Knife Rights just dropped a bombshell in the Ninth Circuit: a petition for rehearing en banc against the panel’s gutless upholding of California’s switchblade ban. This isn’t some minor skirmish—it’s a direct shot at a decision that ignored Supreme Court firepower like Heller and Bruen, pretending switchblades aren’t arms protected under the Second Amendment. The appellants, backed by solid allies, argue the panel twisted history and tradition into pretzels, applying a watered-down interest-balancing test that’s been torched by Bruen’s text-and-history mandate. If this smells like judicial activism dodging SCOTUS clarity, you’re not wrong—California’s blanket ban on one-hand-opening knives reeks of the same arbitrary nonsense that felled assault weapon restrictions.

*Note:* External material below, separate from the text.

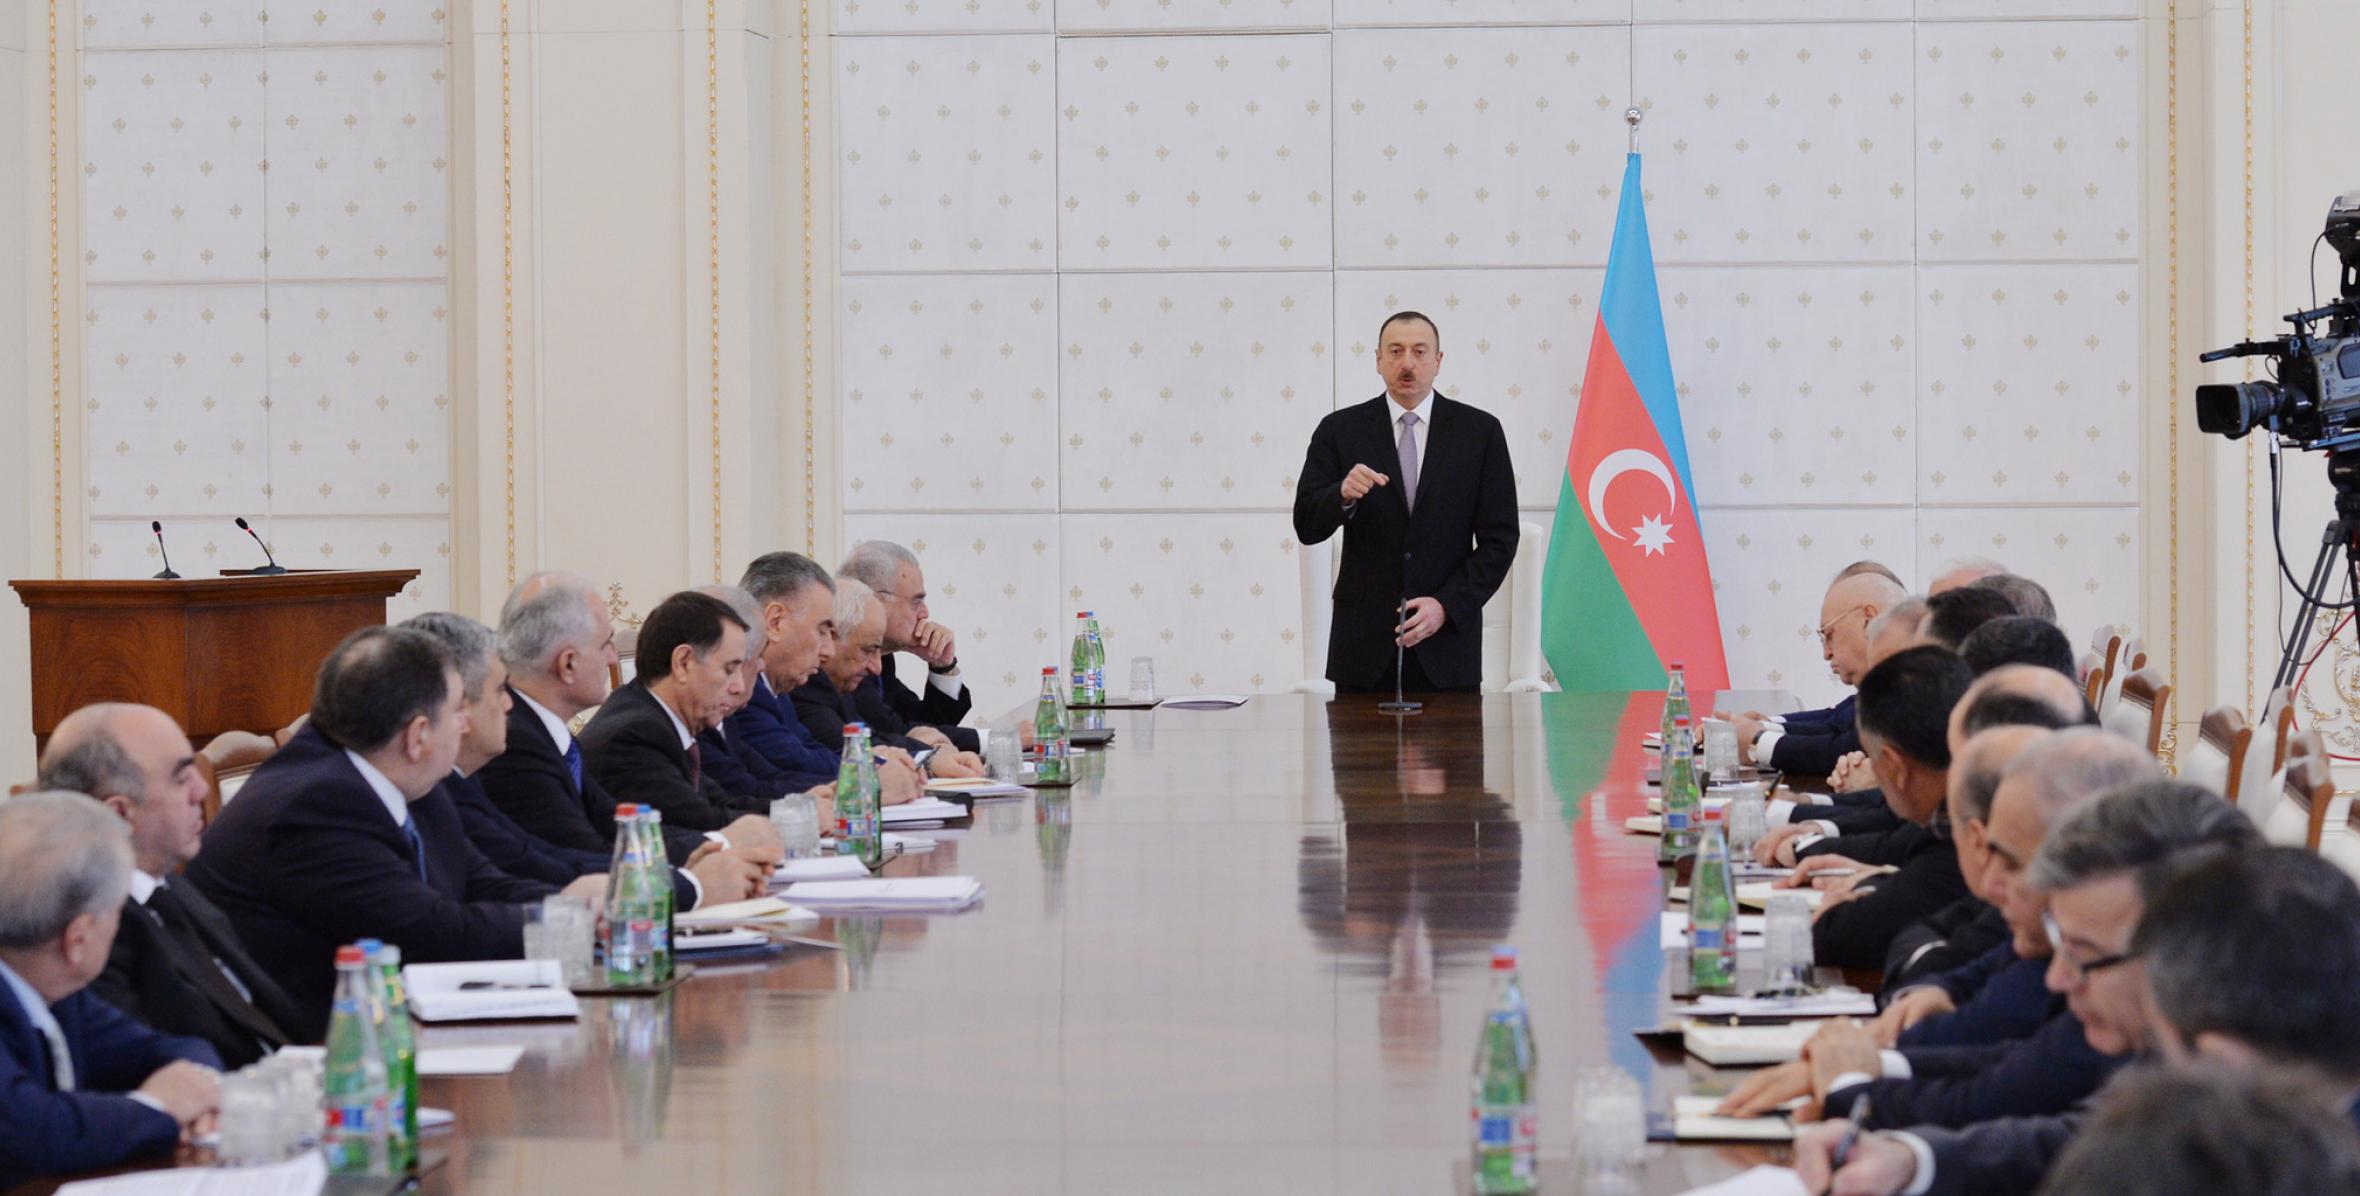 Opening speech by Ilham Aliyev at the meeting of the Cabinet of Ministers dedicated to the results of socioeconomic development in 2014 and objectives for 2015

Context here is gold for 2A warriors: switchblades aren’t Hollywood switchblades; they’re practical tools for everyday carry, from hunters to first responders, banned in Cali since 1957 under outdated gangster fears. The panel’s ruling echoes the Ninth’s spotty Bruen track record—remember their Duncan II flip-flop on mag bans?—but en banc review could force a full-court reckoning, potentially nuking not just this ban but opening floodgates for challenges to other dangerous and unusual weapon prohibitions. Knife Rights’ track record is impeccable; they’ve dismantled bans in over a dozen states, proving persistence pays.
Implications? Huge. An en banc win could ripple nationwide, bolstering Bruen’s muscle against blue-state knife laws and signaling to lower courts: stop Heller-phobia. For the 2A community, it’s a rallying cry—donate, amplify, stay vigilant. If the Ninth bites, we might see switchblades legal in the nation’s most populous state, chipping away at the incremental erosion of our rights. Eyes on this one; it’s not just about blades, it’s about the full spectrum of self-defense arms.